[Supplied data Boundary: Start]

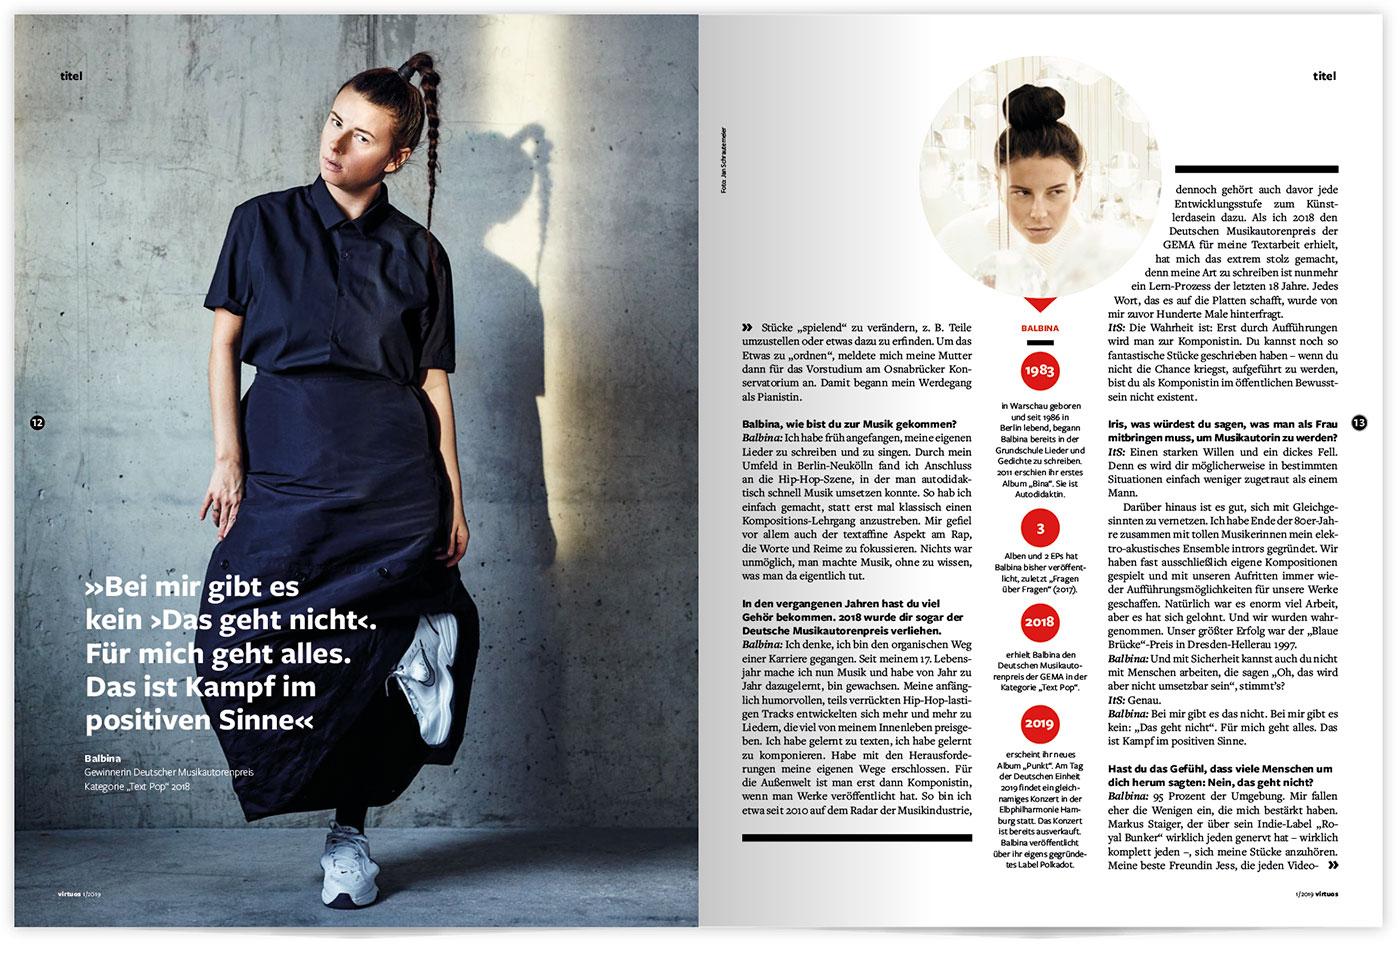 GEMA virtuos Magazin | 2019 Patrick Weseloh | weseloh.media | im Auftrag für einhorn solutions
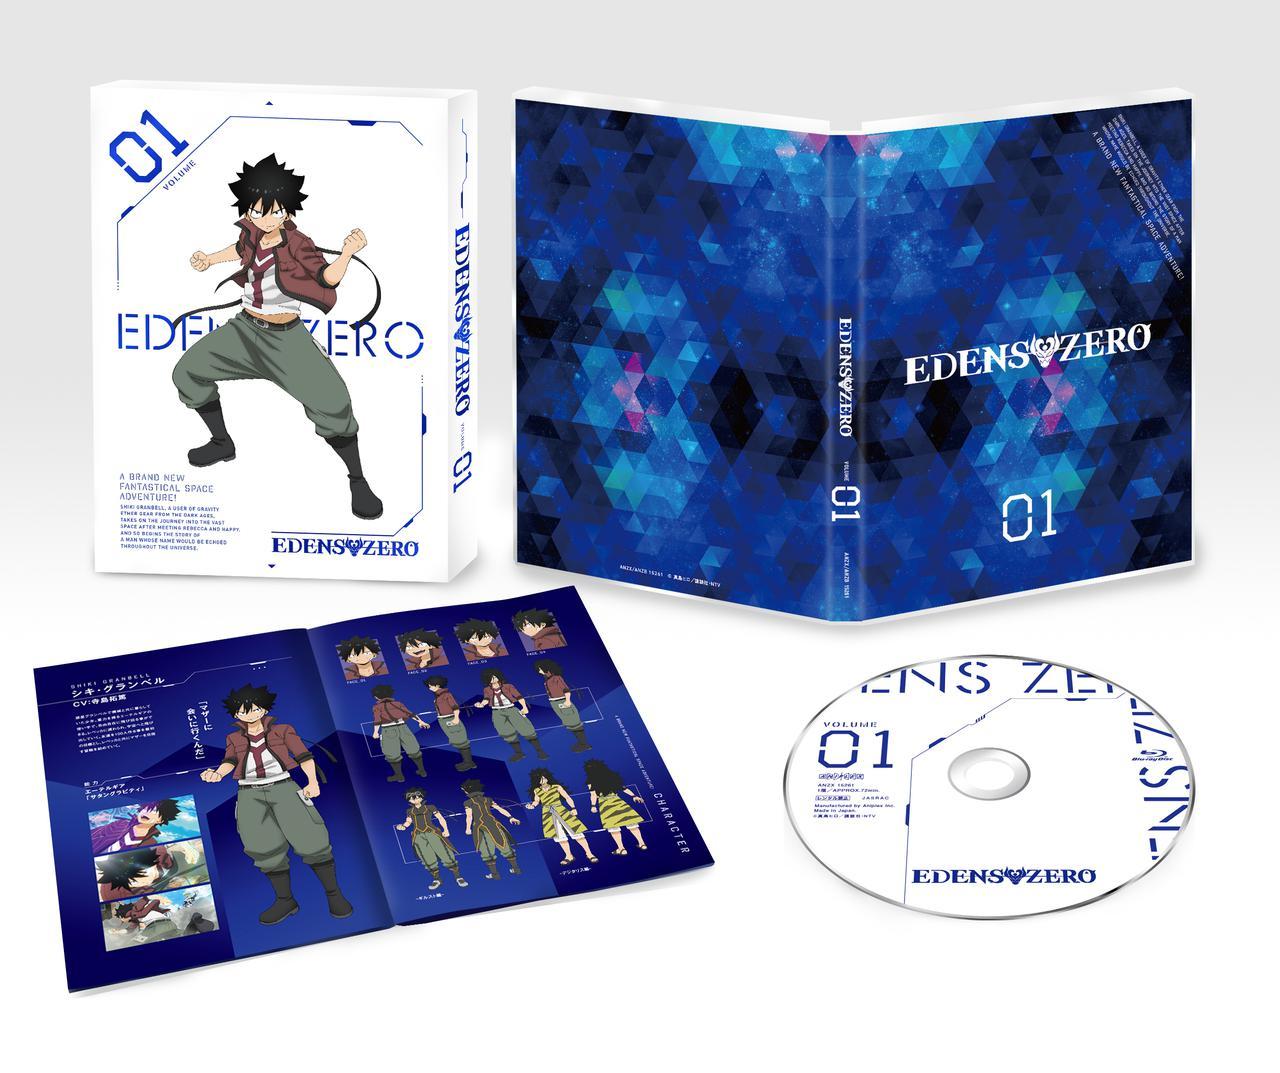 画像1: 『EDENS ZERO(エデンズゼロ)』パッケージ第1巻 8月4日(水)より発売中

[Supplied data Boundary: End]
[Supplied data Boundary: Start]

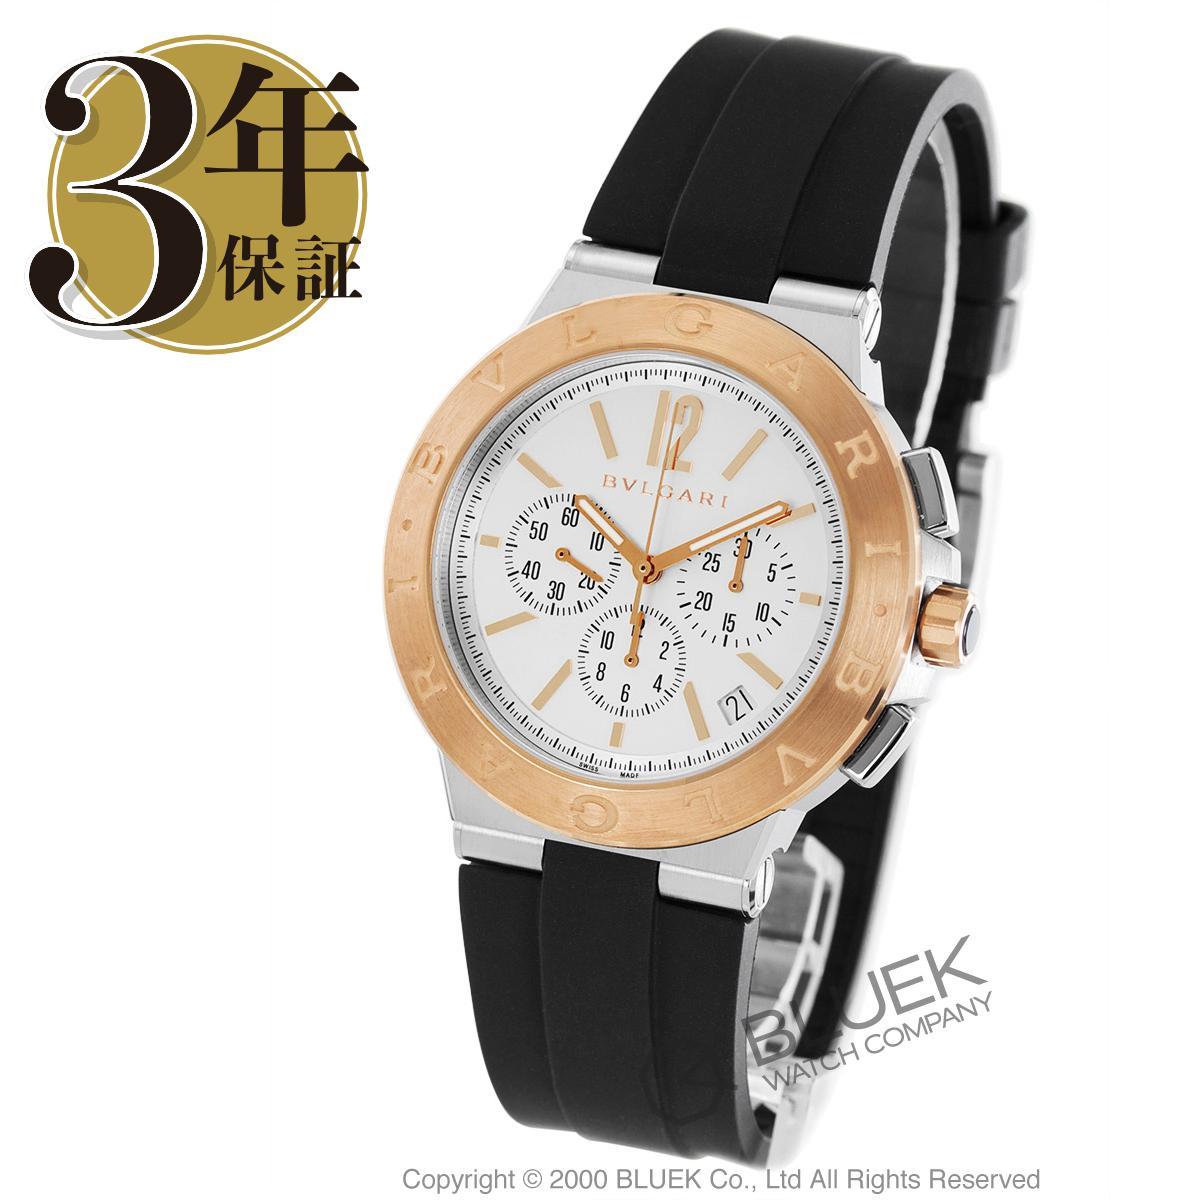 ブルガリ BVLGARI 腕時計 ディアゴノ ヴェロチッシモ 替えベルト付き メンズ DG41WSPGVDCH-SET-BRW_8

[Supplied data Boundary: End]
[Supplied data Boundary: Start]

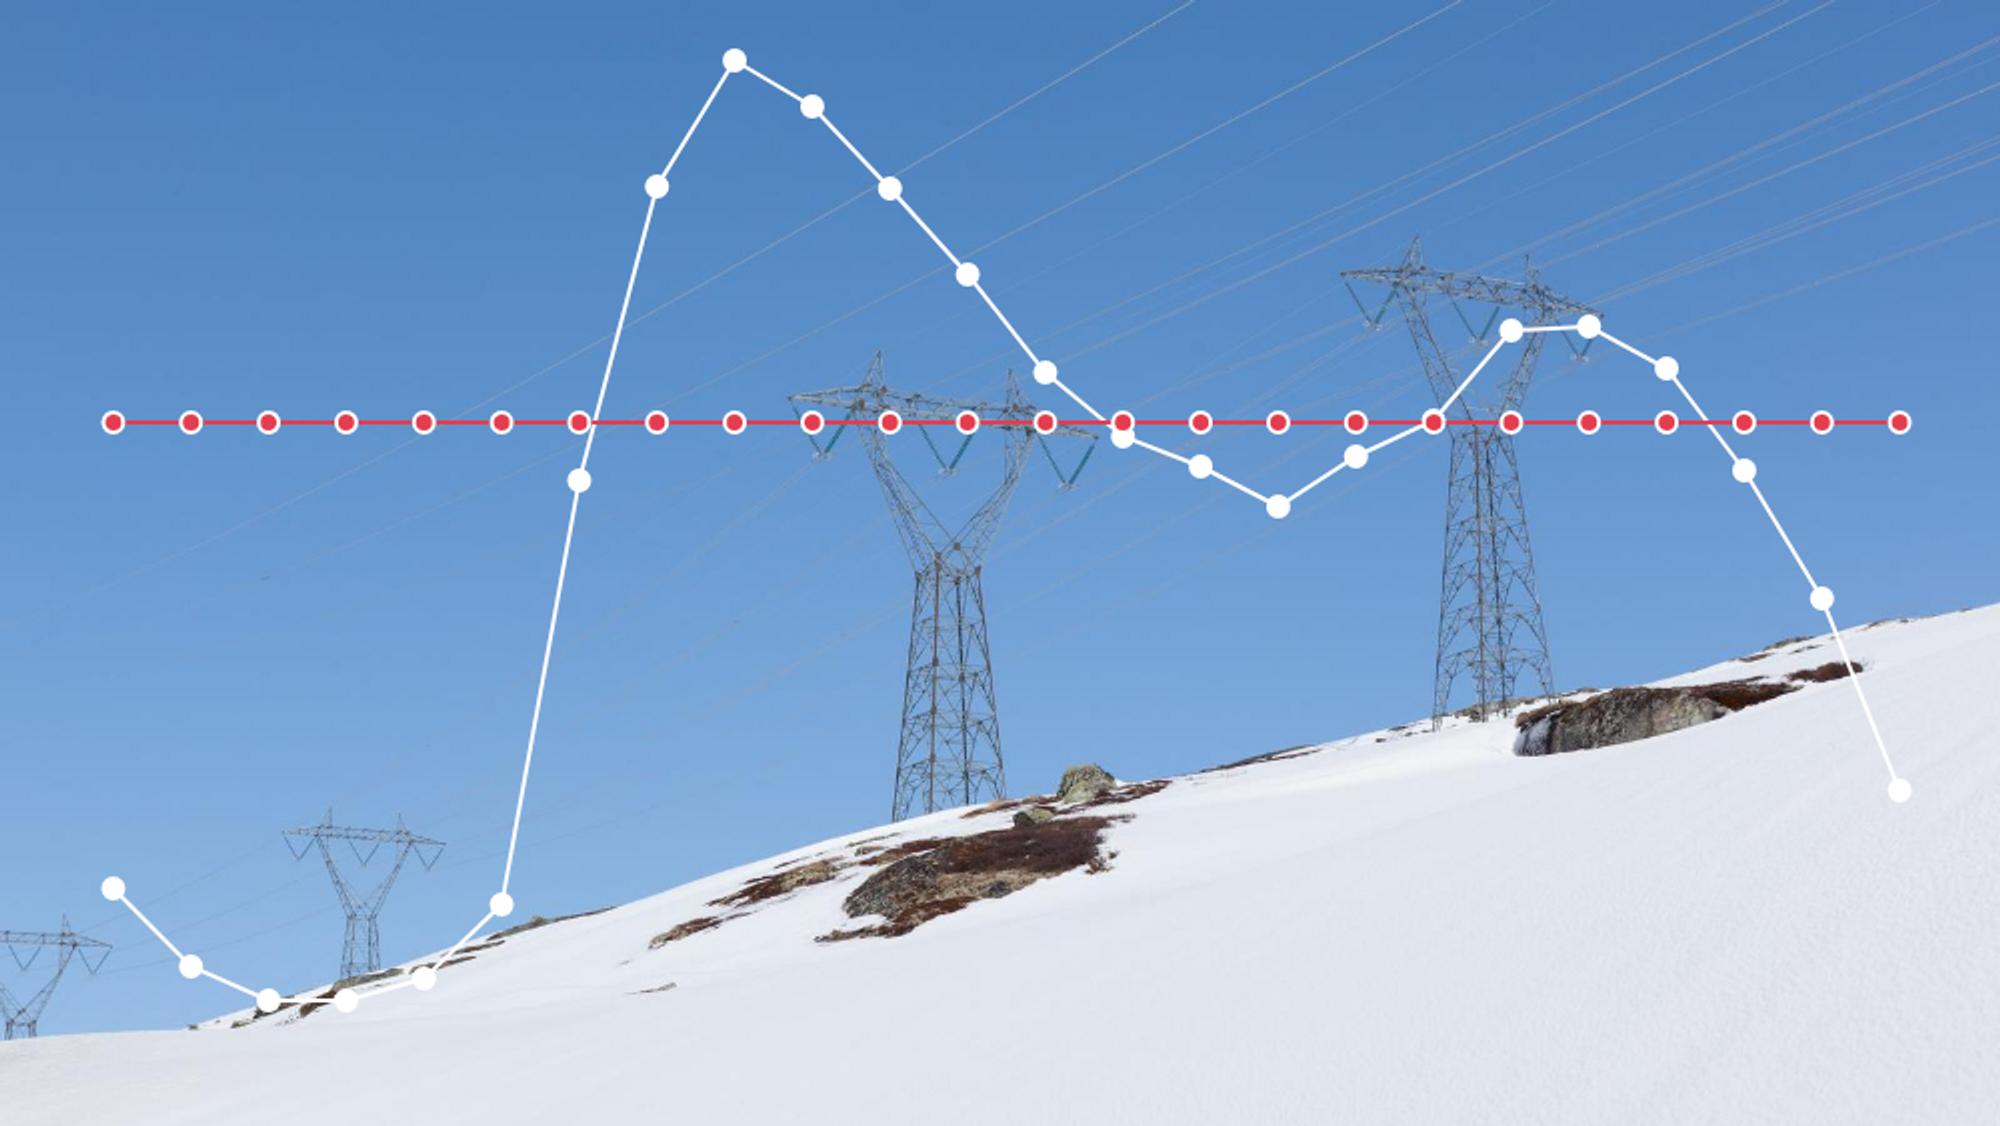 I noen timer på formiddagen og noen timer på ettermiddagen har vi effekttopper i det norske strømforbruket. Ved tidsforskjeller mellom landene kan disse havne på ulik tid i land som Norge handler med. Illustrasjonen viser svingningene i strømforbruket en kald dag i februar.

[Supplied data Boundary: End]

■ What is needed: In the records above, find the line containing "GEMA virtuos Magazin" and the line containing "画像1: 『EDENS ZERO(エデンズゼロ)』パッケージ第1巻", then give both of them again word for word along with every line between. Omit any pictures.

■ Problem solution:
 GEMA virtuos Magazin | 2019 Patrick Weseloh | weseloh.media | im Auftrag für einhorn solutions
 画像1: 『EDENS ZERO(エデンズゼロ)』パッケージ第1巻 8月4日(水)より発売中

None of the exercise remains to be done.